# Chainsaw stalls when warmed up



## MISmallEngine (Jul 30, 2011)

I have a relatively new (about 5 years old) Craftsman chainsaw that has been used fewer than 10 hours. It starts up great with a few pulls. After it has been running for about 2 minutes at full throttle, it peters out and won't restart. It is a new spark plug and a new coil and fresh gas and the carb is clean as a whistle. If I let it cool for a few hours, it will start back up and run great until it is warmed up.

Is this a carb adjustment? If so, please recommend which screw needs to go which direction (in or out).


----------



## jrrdw (Jun 26, 2010)

How is the compression after it's warmed up? Does it feel the same as it does when it's cold?


----------



## MISmallEngine (Jul 30, 2011)

Good question. I do not have a compression tester but it pulls the same once warm as when it is cold. I know because I have pulled it about 100 times after it stalls out.


----------



## jrrdw (Jun 26, 2010)

Make sure your exhaust is clean before making any carb adjustments. Have you changed your fuel filter? 

Check the casing screws when it's warm and stalls out. If they are lose the saw will get a leak and stop running.
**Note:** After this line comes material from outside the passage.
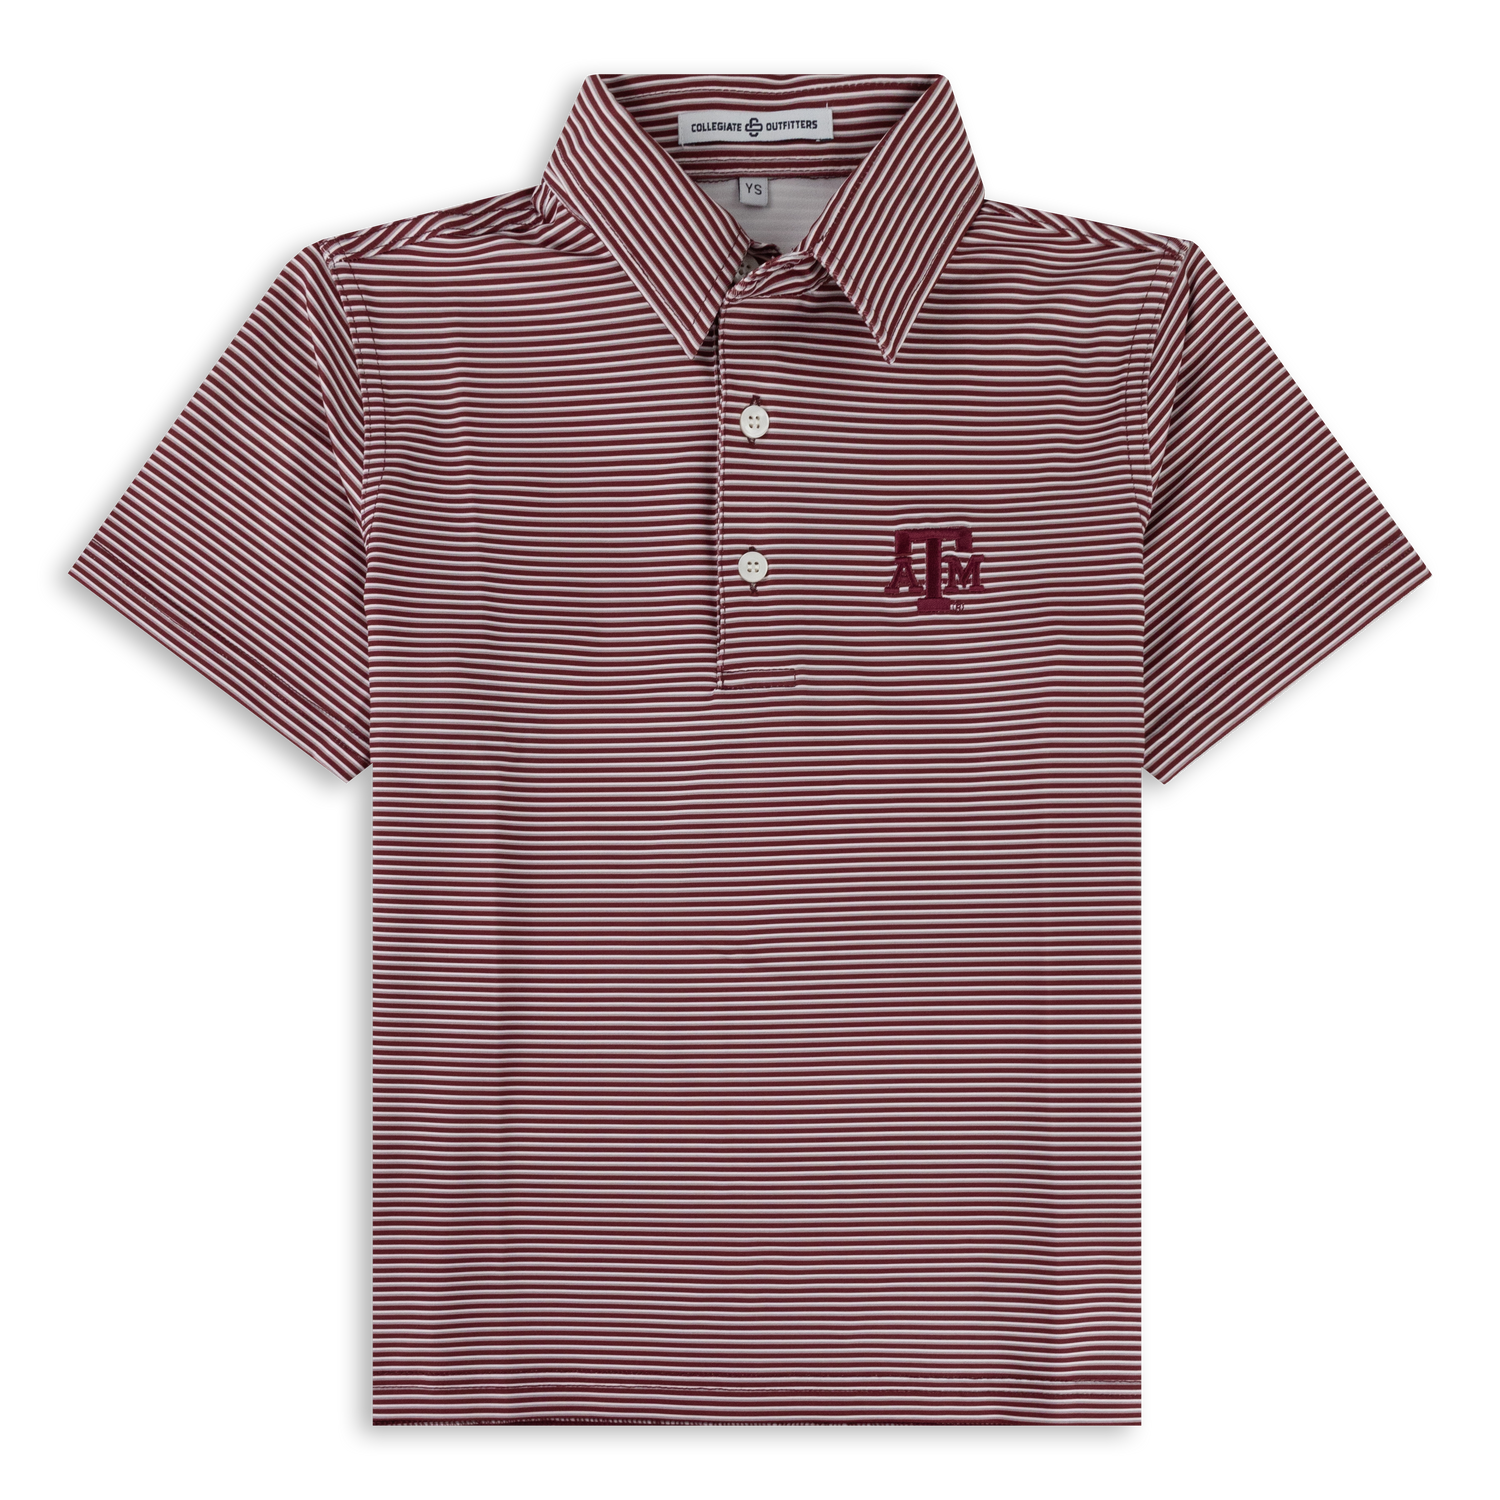 Texas A&M Youth Maroon Striped Polo
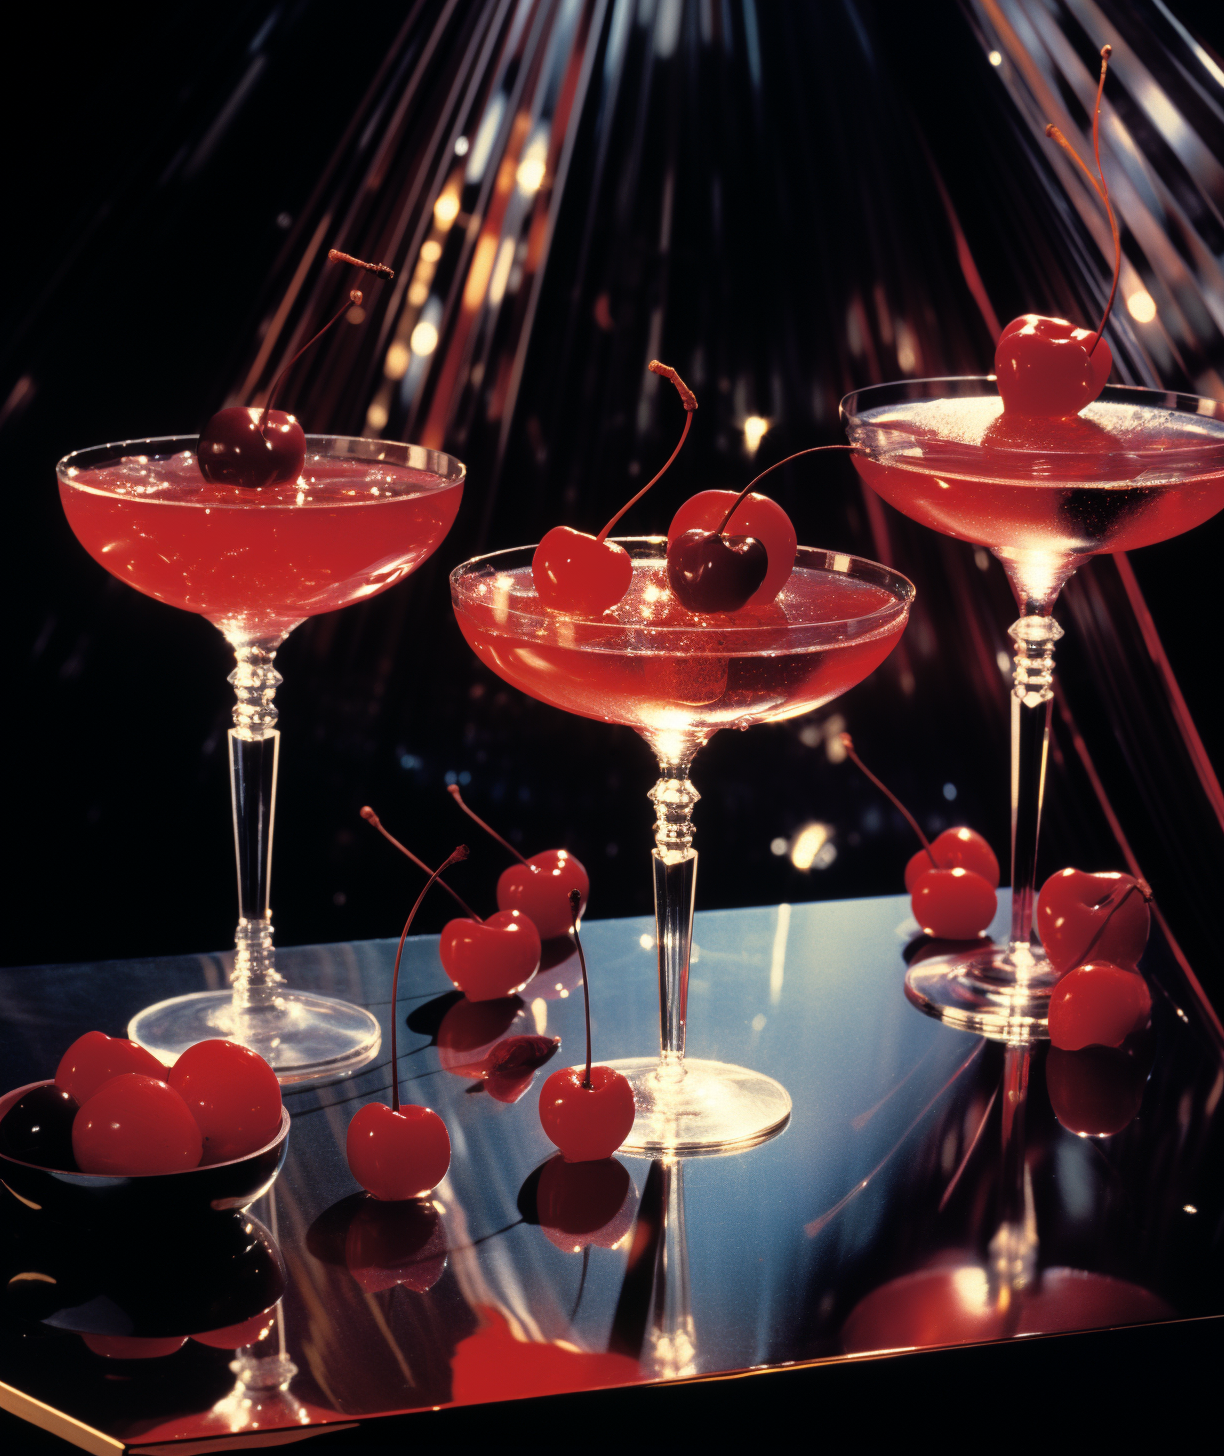 knownpoisons_a_photo_of_cocktails_being_served_with_cherries_in_4aefbb63-d67a-42f9-b8ba-3dfdbbc93005.png

Full throttle adjustment is the "H" needle and the "L" needle is for idle and transition to full throttle from idle. Remember where the adjustments are before changing them in case it doesn't help.


----------



## K-B (Oct 24, 2005)

That sounds like it might be a non-functional tank vent. I'm not sure where the vent would be on that model, but a quick way to determine whether it's working is to pop the cap open when it shuts off. If it starts back up in a few pulls, then the vent isn't working.


----------